── THE DATA

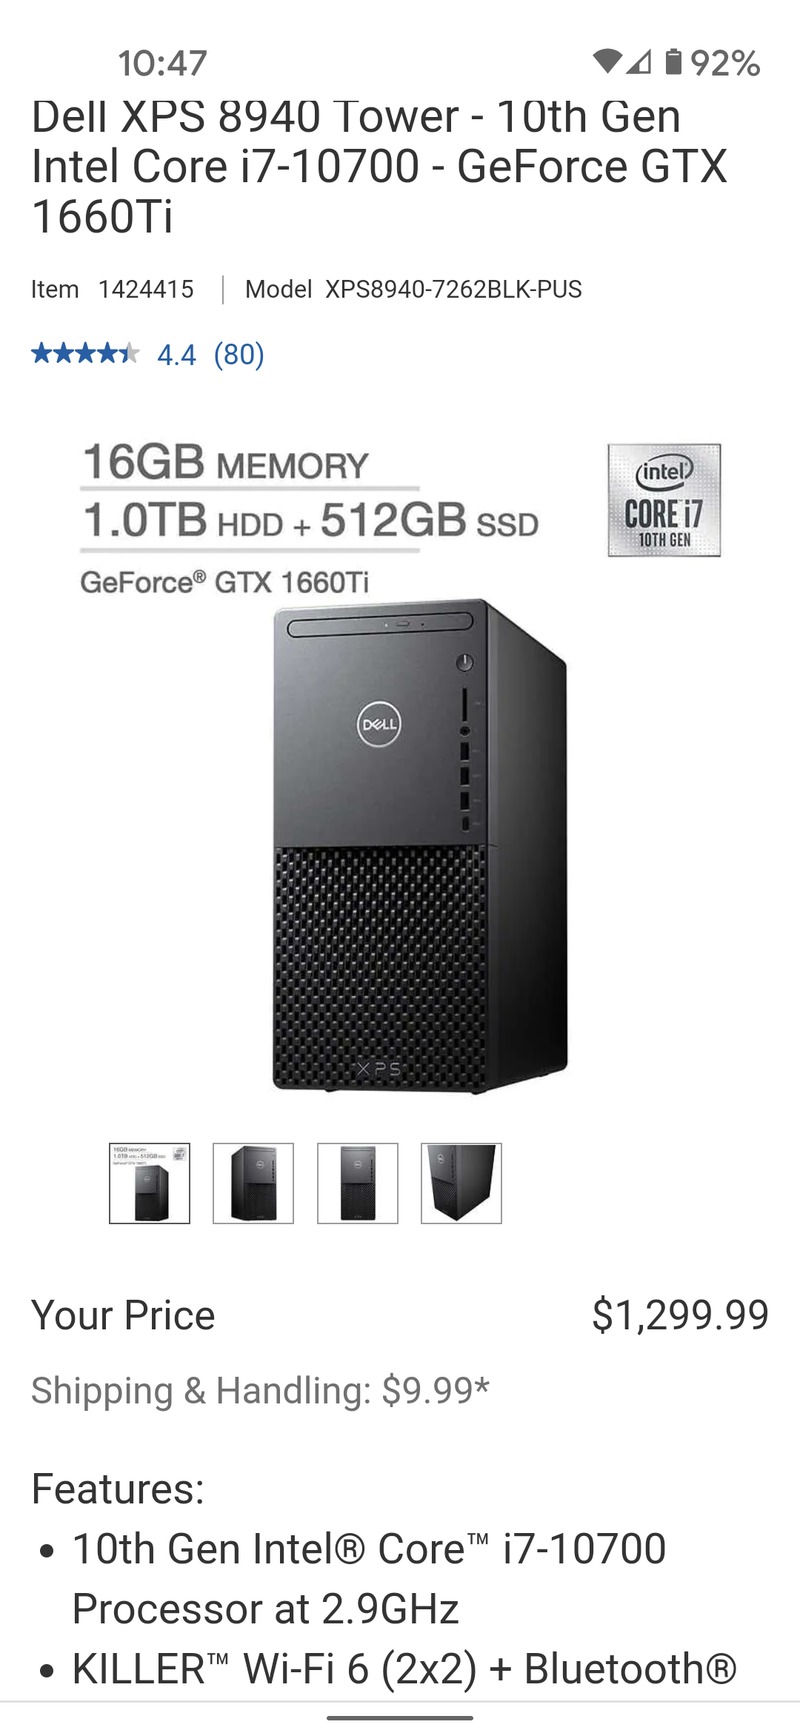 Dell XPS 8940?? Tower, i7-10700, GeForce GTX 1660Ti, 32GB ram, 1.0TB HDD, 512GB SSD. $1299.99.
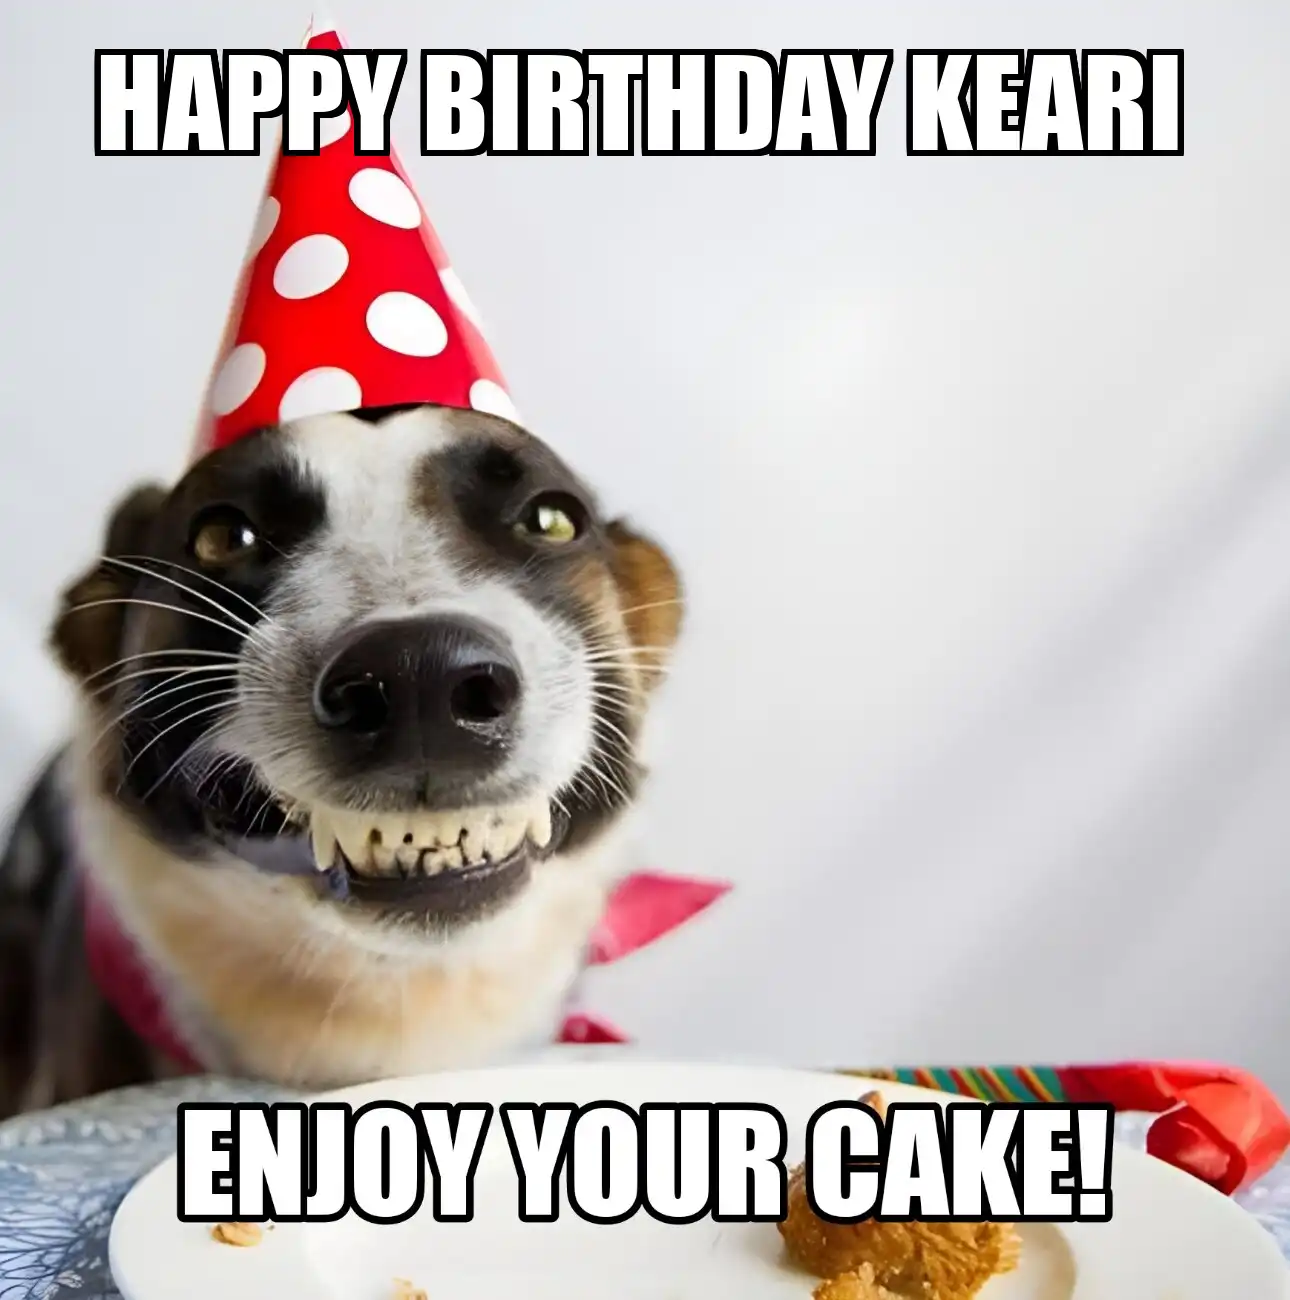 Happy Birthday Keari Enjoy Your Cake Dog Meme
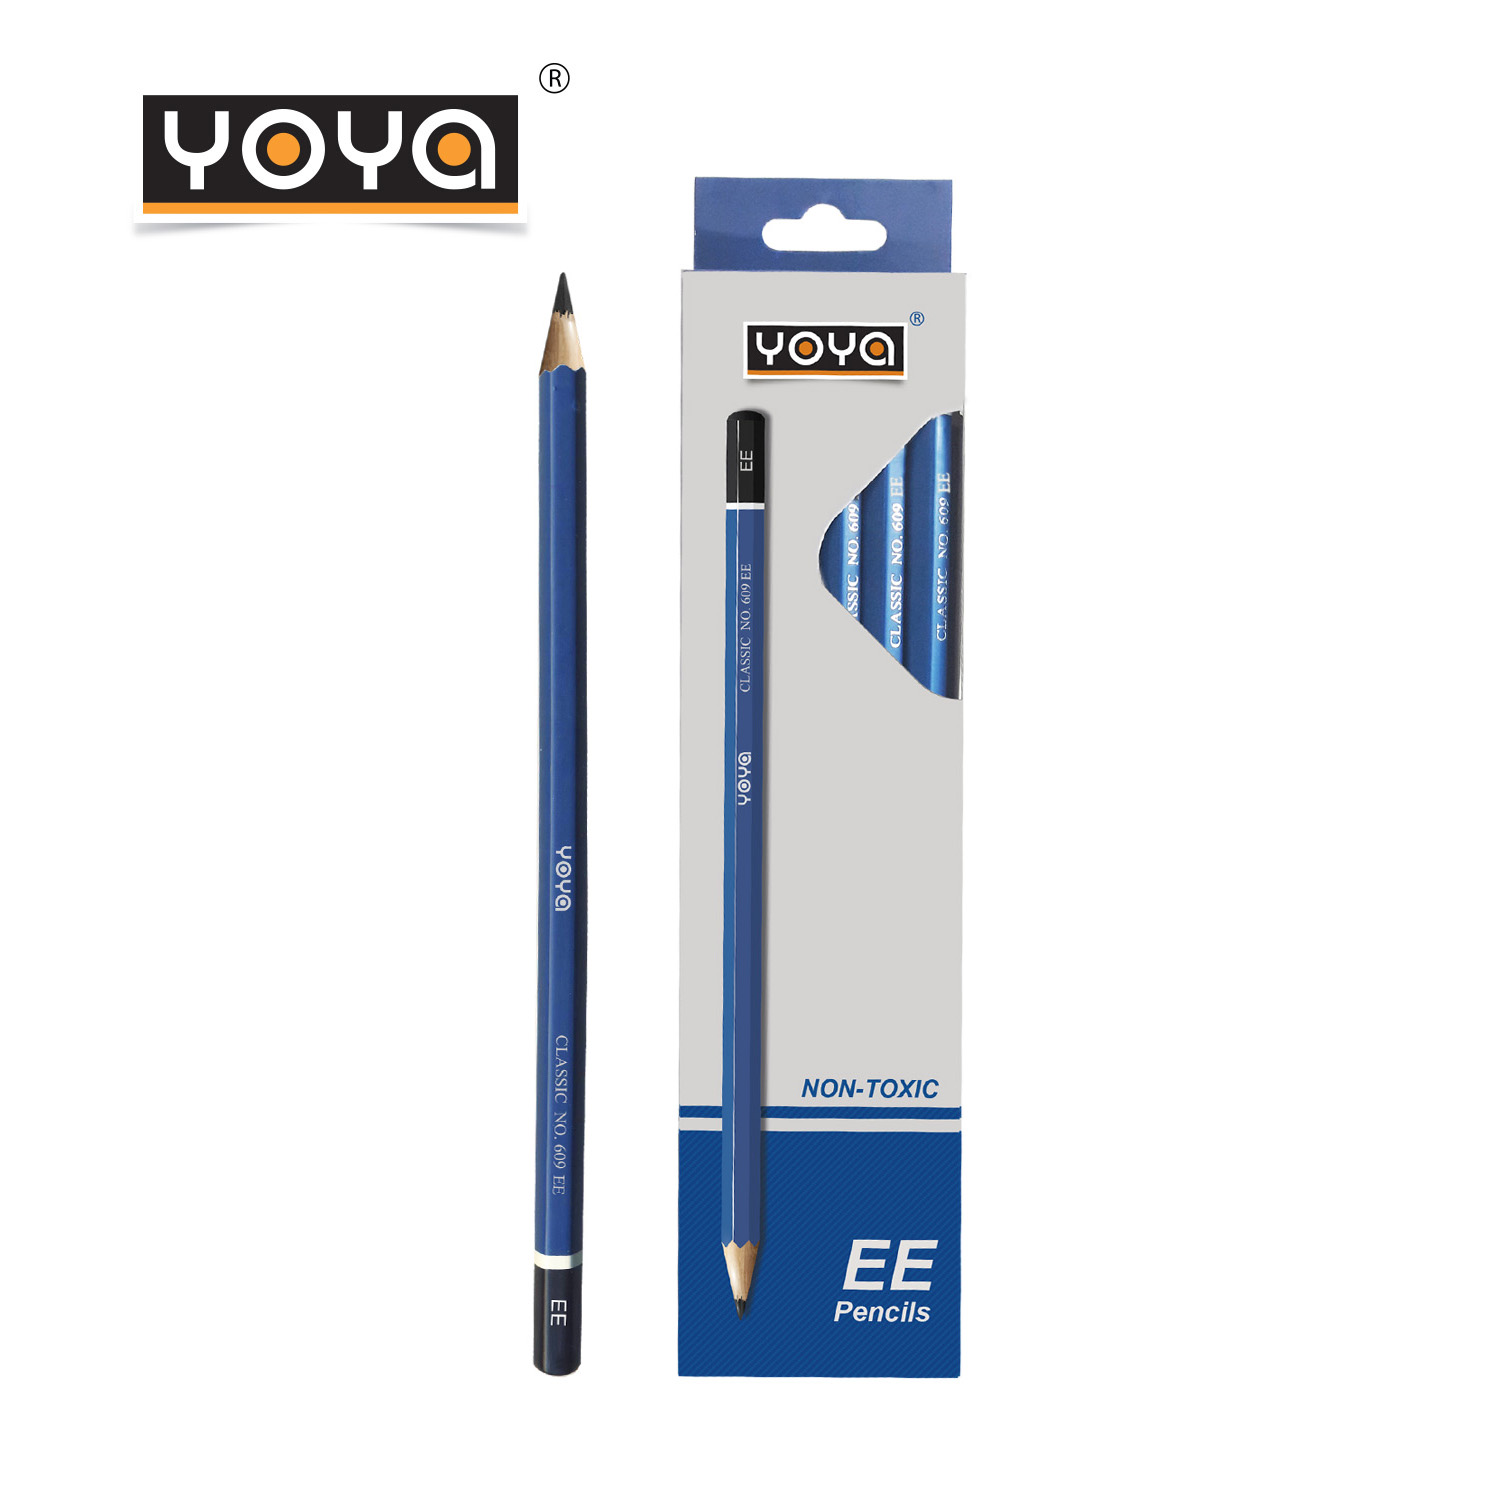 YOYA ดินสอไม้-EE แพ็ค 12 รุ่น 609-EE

────
── THE DATA

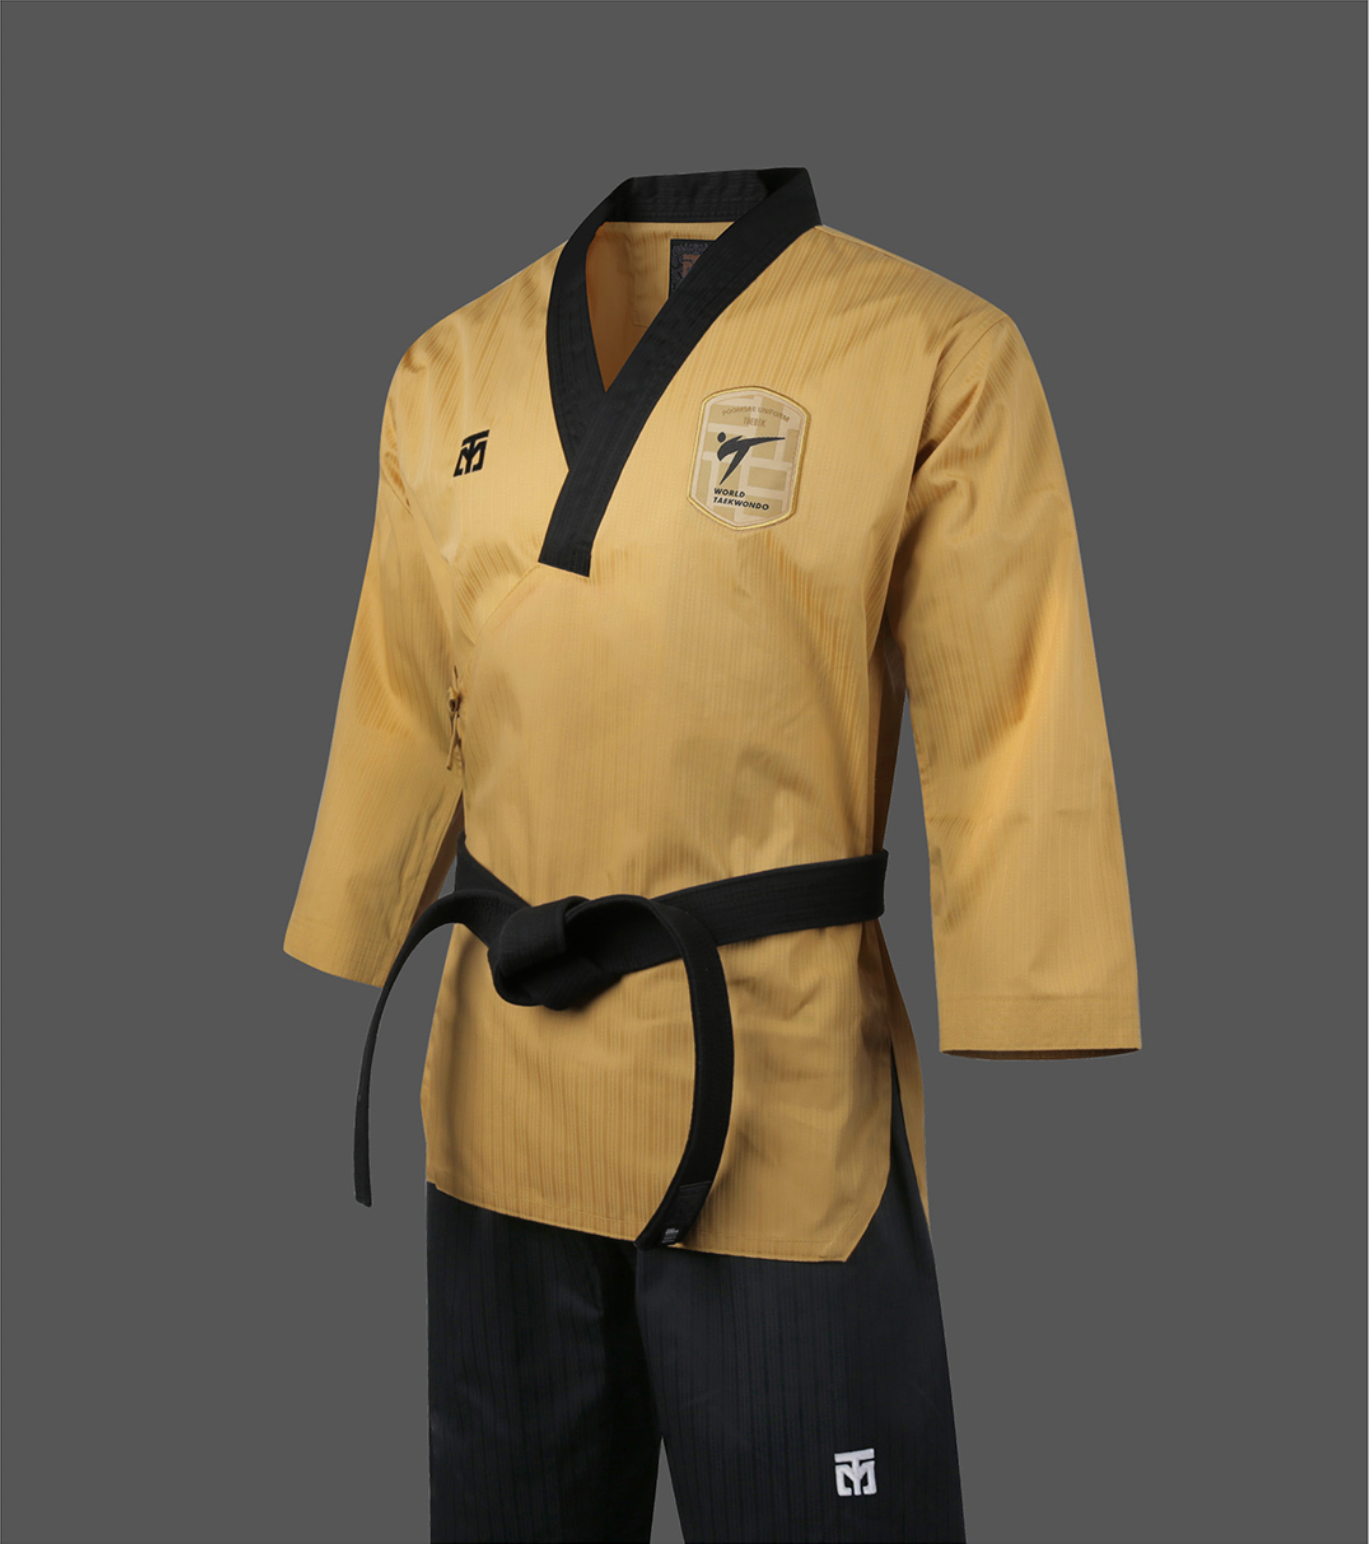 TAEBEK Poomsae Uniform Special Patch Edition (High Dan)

────

» WORK INSTRUCTIONS: Copy out exactly the lines above beginning with the line that contains "Dell XPS 8940??" and finishing with the line that contains "YOYA ดินสอไม้-EE แพ็ค 12 รุ่น 609-EE", including both; leave the pictures out.

» WRITTEN ANSWER:
 Dell XPS 8940?? Tower, i7-10700, GeForce GTX 1660Ti, 32GB ram, 1.0TB HDD, 512GB SSD. $1299.99.
 Happy Birthday Keari Enjoy Your Cake Dog Meme
 YOYA ดินสอไม้-EE แพ็ค 12 รุ่น 609-EE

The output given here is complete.